Schwäbische Zeitung (Leutkirch / Isny / Bad Wurzach)
In der surrealen Fabrik
Drei Künstler befassen sich in Lindenberg mit dem Thema Arbeit
LINDENBERG - Von wegen „Alle Räder stehen still“. Von Stille kann keine Rede sein in der Ausstellung, deren Titel dem Bundeslied für den Allgemeinen Deutschen Arbeiterverein entlehnt ist. Beate Engl, Leonie Felle und Guido Weggenmann nutzen die frühere Produktionsstätte der Hutfabrik Reich, um mit künstlerischen Mitteln über das Thema Arbeit zu philosophieren: darüber, welche Kraft sie erzeugt, welche Macht sie auf das Leben des Einzelnen und auf die Gesellschaft ausübt, welche Versprechungen und welche Enttäuschungen sie bereit hält. Bei aller Ernsthaftigkeit sind die Exponate erstaunlich leicht, erfreulich verspielt geraten.
Die umgebaute Fahrradfelge erinnert an das Modell eines eigentümlichen Riesenrads. Wie ein Scherenschnitt wirkt die schwarze Silhouette vor den kleinteiligen Fabrikfenstern, durch die hartes Licht in die weiß getünchte Halle strömt. Eben noch poetisches Standbild, setzt sich die Apparatur in Bewegung, kaum dass ein Besucher die Ausstellung betritt.
Die Dosen, die wie Passagierkabinen das Rad umkränzen, stoßen blökende Rufe aus – eingebaut in flauschige Leiber geben sie üblicherweise Teddybären eine Stimme. Hier aber schreien sie nach Aufmerksamkeit: für die Poesie des sich drehenden Rads, vielleicht auch für die Bedeutung einer nimmermüden Maschine. „Brumm Brumm“nennt Guido Weggenmann seine Installation.
Ihrem ursprünglichen Zweck dient auch die große Fabrikuhr nicht mehr, die in der Halle Raum greift. Der Kreis des riesigen Ziffernblatts ist aufgerissen und bäumt sich an einer Säule auf. Einzelne Metallstriche – einst markierten sie Stunden – liegen im Umfeld verstreut. Und am Boden mühen sich Sekunden- und Minutenzeiger ab, angetrieben von einem nicht tot zu kriegenden Uhrwerk, das sie zwar in die falsche Richtung treibt – immerhin aber mit dreifachem Tempo. Was ist hier passiert? Hat ein Riese versucht, die Arbeiter von ihrem Joch zu befreien, indem er die Zeit, den alten Sklaventreiber, anhält?

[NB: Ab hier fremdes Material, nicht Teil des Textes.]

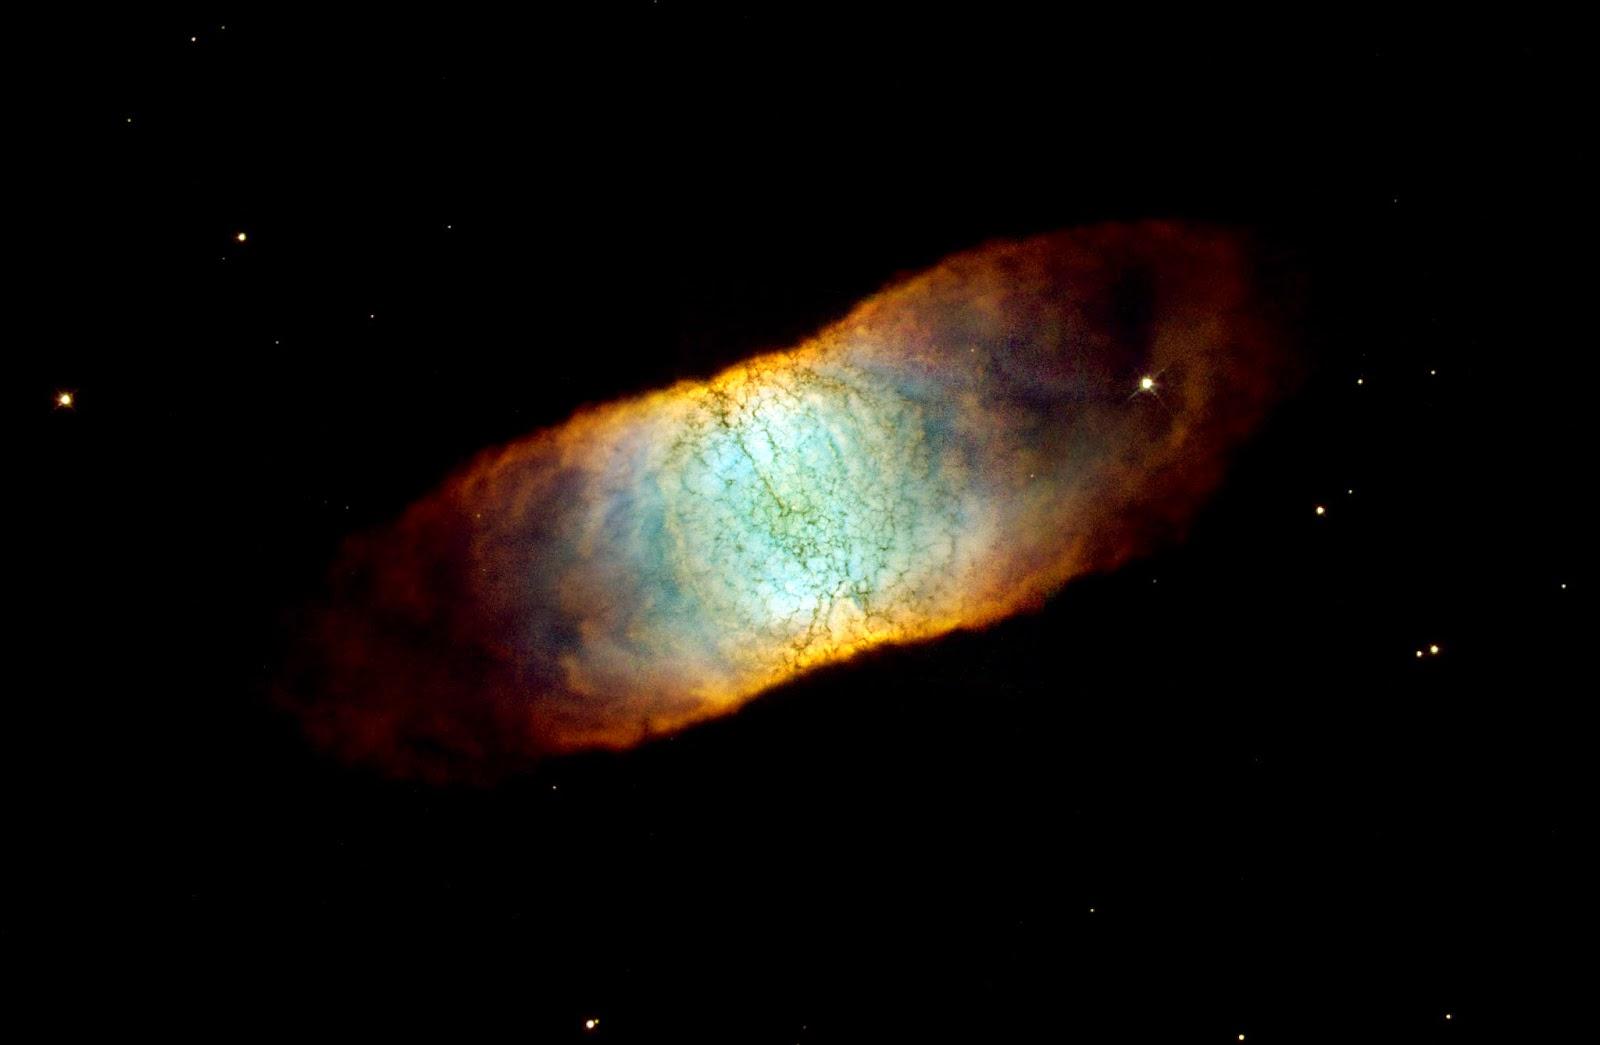 IC 4406 : Dört Köşeli Görünüme Sahip Bir Bulutsu

Wild flattert die rote Fahne, rasend dreht sich mit ihr der Stab im verzinkten Kübel und erzeugt einen entsetzlich lauten, blechernen Lärm. Mittels Bewegungsmelder erwecken Ausstellungsbesucher die Fahne zum Leben. Aber es versammeln sich keine Massen hinter ihr. Der Gefolgschaft beraubt, rotiert sie wütend und sinnlos. Erst erschreckt die scheppernde Installation „Einer für alle“von Beate Engl den Besucher – doch auf den Schrecken folgt bedauerndes (oder mitleidiges?) Lächeln.
Diese surreale Fabrik hat keine Menschen nötig. Die Maschinen treiben selbstständig unsinnige Dinge. Eine emsige Stahlsäge gräbt sich Millimeter für Millimeter in das Rohr, das Teil ihres eigenen Traggerüsts ist, und eine leuchtend orange Geisterhand dreht die Kaffeemühle, die an die Wand genagelt keinerlei Aufgabe erfüllen kann. Allein ein farbenfrohes Wandbild Weggenmanns erinnert daran, dass hier mal Männer Schweiß vergossen. Aus Dutzenden bunter Arbeitshelme geschaffen trägt es den Titel: “Ist’s nicht der, ist’s ein anderer“.
Selbst Musik erklingt in der einstigen Produktionshalle, seit die Kunst das Zepter übernommen hat. Für ihre Video-Arbeit „Give and Get“haben Leonie Felle und Beate Engl aus Zitaten Prominenter einen Textteppich geflochten, den sie als fesselndes Sprechlied mit pulsierendem Takt und symbolstarken Bildern ausbreiten. Es geht um alles: um Blut und Freiheit, Glück und Liebe.
Wofür würde es sich lohnen, Fahnen zu schwingen? Wer oder was gibt der Zeit ihre unerbittliche Macht? Unverkrampft, kreativ und ironisch gehen die Künstler in der Kulturfabrik mit diesen Fragen um. Zu sehen in der Kulturfabrik Lindenberg bis Freitag, 20. April, dienstags bis sonntags 9.30 bis 17 Uhr.